- Directed by: Rachel Israel
- Written by: Rachel Israel
- Produced by: Summer Shelton Todd Remis Kurt Enger
- Starring: Brandon Polansky Samantha Elisofon Nicky Gottlieb Will Deaver Tibor Feldman Jonathan Tchaikovsky Jessica Walter
- Cinematography: Zachary Halberd
- Edited by: Alex Camilleri
- Music by: Amie Doherty
- Production company: Tangerine Entertainment
- Distributed by: Kino Lorber
- Release date: April 20, 2017 (Tribeca);
- Running time: 94 minutes
- Country: United States
- Language: English

= Keep the Change (2017 film) =

Keep the Change is a 2017 American romantic comedy film written and directed by Rachel Israel and starring Brandon Polansky, Samantha Elisofon, Nicky Gottlieb, Will Deaver, Tibor Feldman, Jonathan Tchaikovsky and Jessica Walter. It is Israel’s feature directorial debut and based on her 2013 short film of the same name.

==Cast==
- Brandon Polansky as David
- Samantha Elisofon as Sarah
- Nicky Gottlieb as Sammy
- Will Deaver
- Jessica Walter as Carrie
- Tibor Feldman as Lenny
- Jonathan Tchaikovsky as Matt Cone
- Dorsey Massey
- Heidi Landis
- Anna Suzuki as Angie

==Release==
The film premiered at the Tribeca Film Festival on April 20, 2017. Then it was released on March 16, 2018.

==Reception==
The film has a 100% rating on Rotten Tomatoes based on 29 reviews. Filipe Freitas of Film Threat rated the film an 8 out of 10. Derek Smith of Slant Magazine awarded the film three stars out of four.
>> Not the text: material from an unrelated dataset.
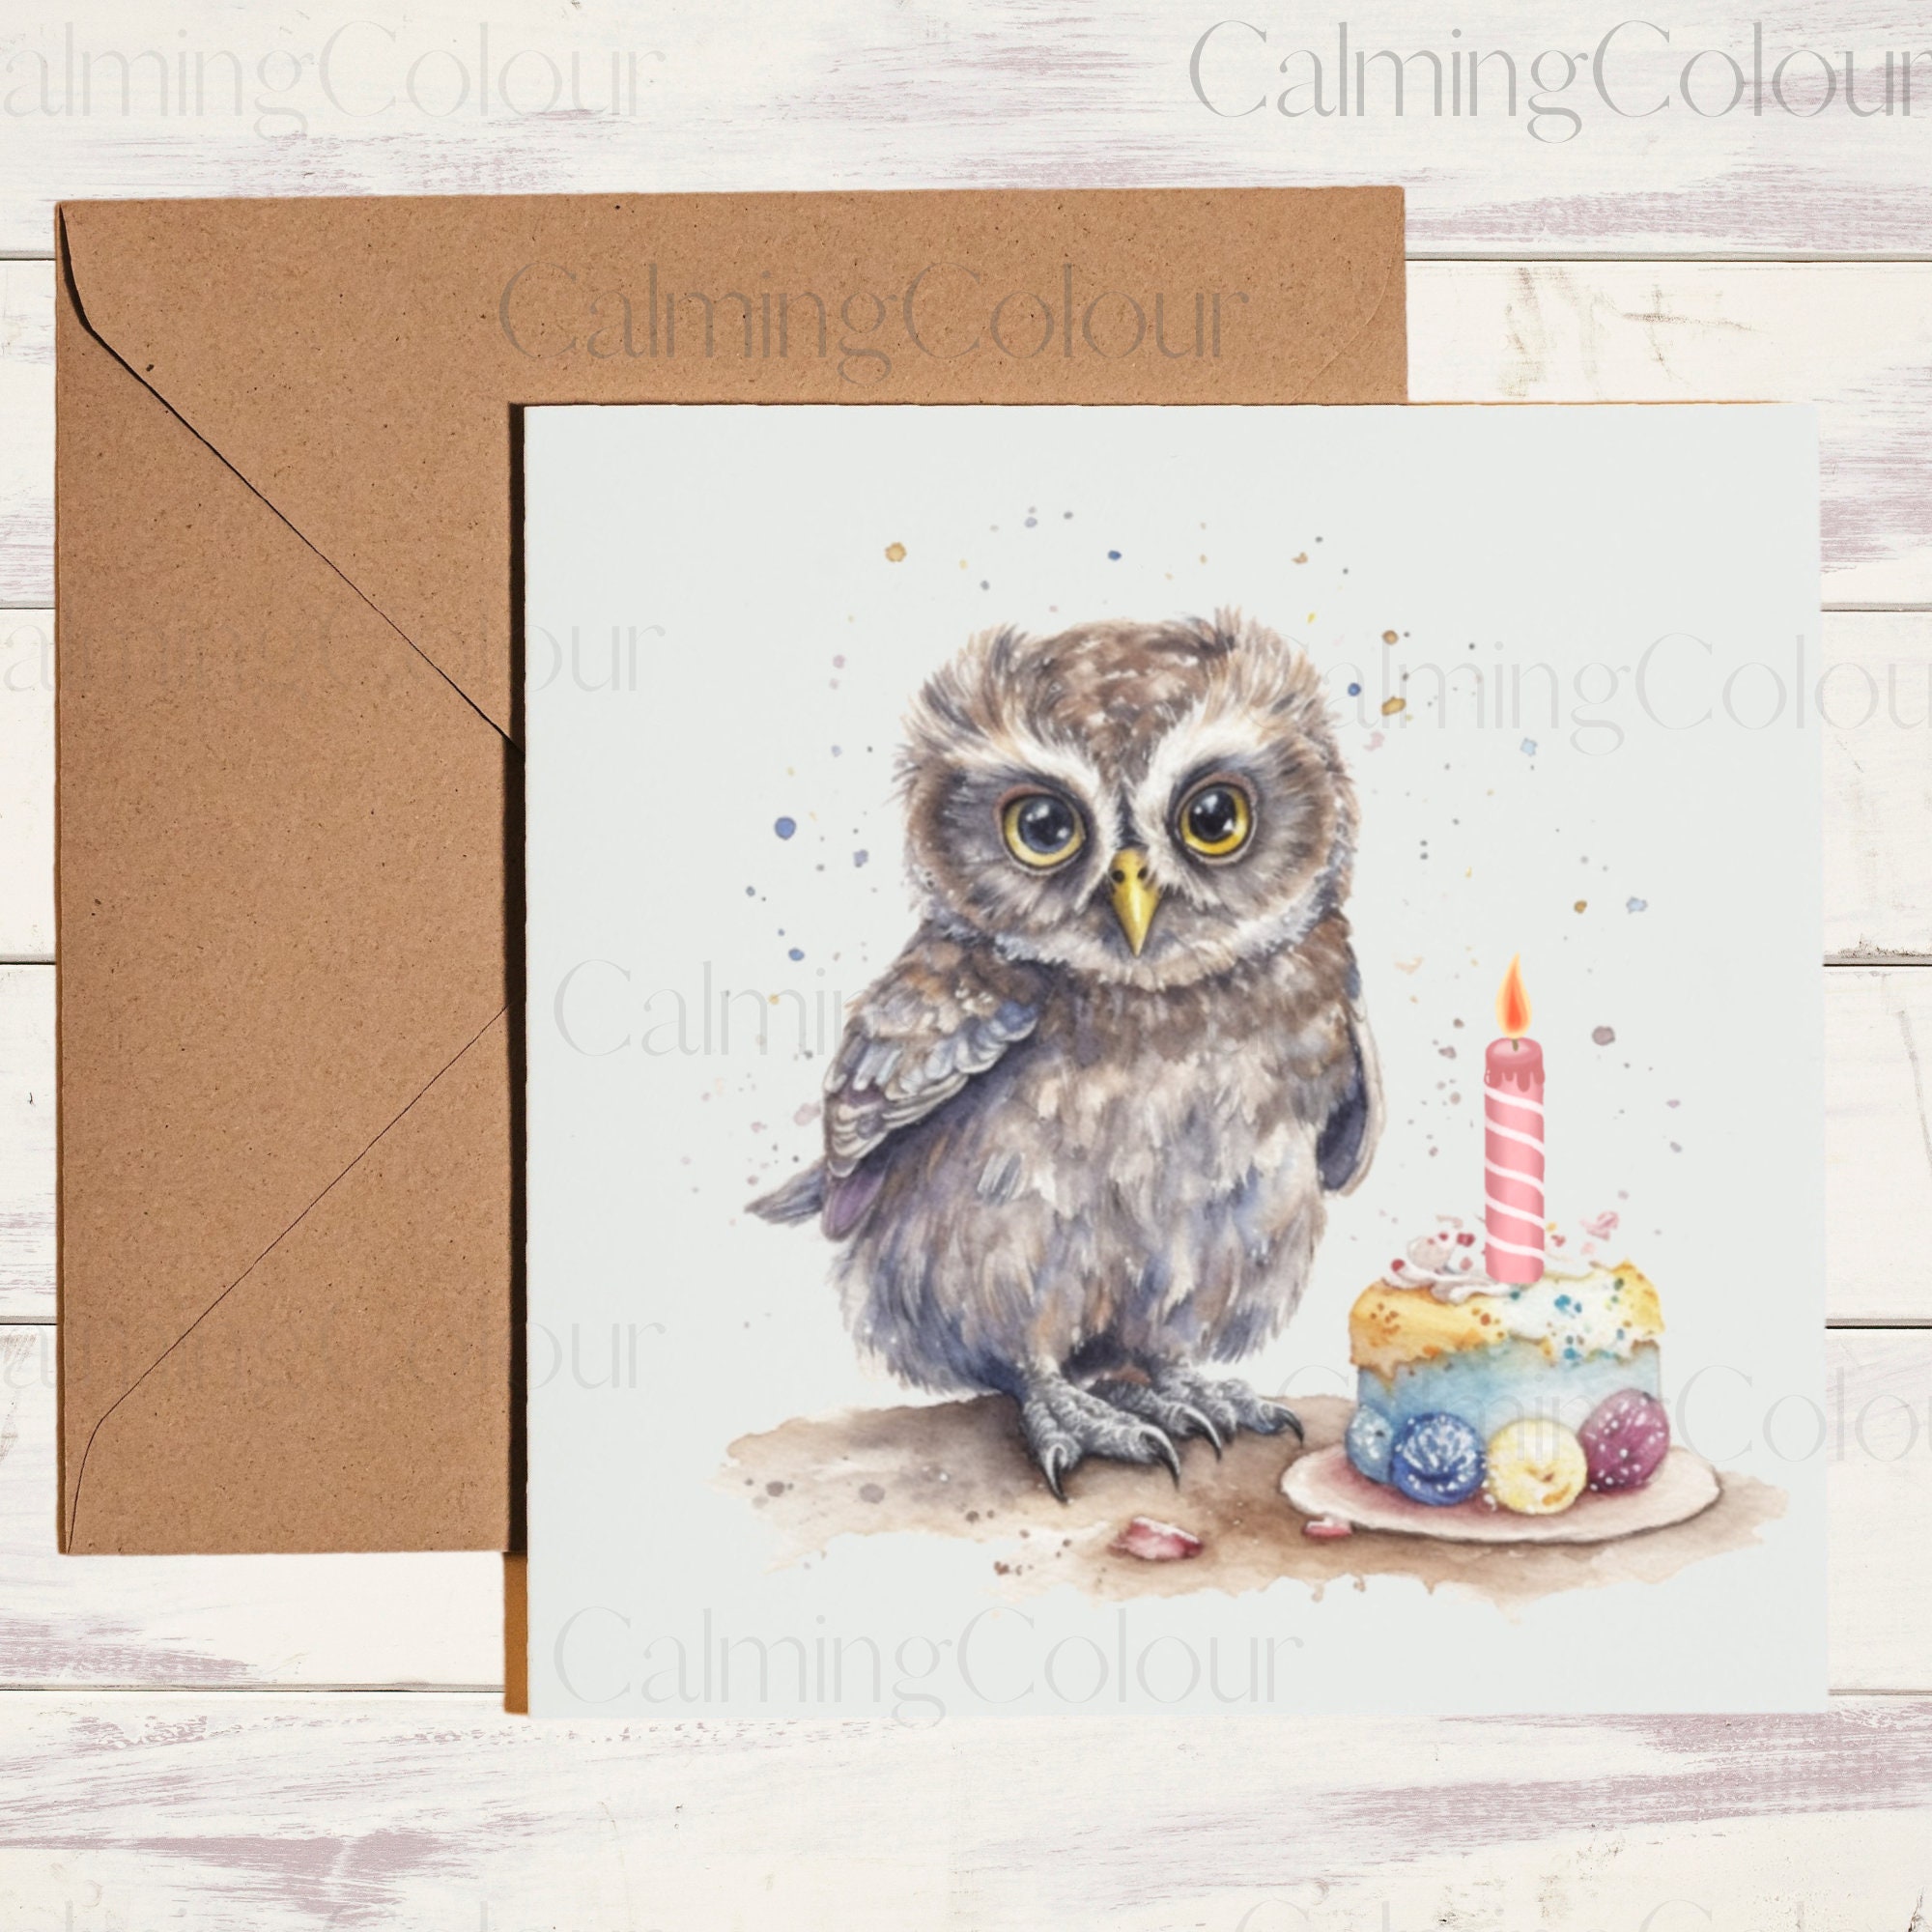 Owl Birthday Card | Card for Owl lover | Single card, blank on the inside

Michael Nordine of IndieWire graded the film a B.

The Hollywood Reporter gave the film a positive review: “A modest but refreshing love story that takes its autistic protagonists on their own terms.”

Nick Schager of Variety also gave the film a positive review and wrote, “…an ode to self-discovery and acceptance that’s as funny as it is sweet.”

==Awards==
The film won the Founders Award for Best Narrative Feature at the Tribeca Film Festival, where Israel also won the award for Best New Narrative Director and the Nora Ephron Prize for Special Jury Mention.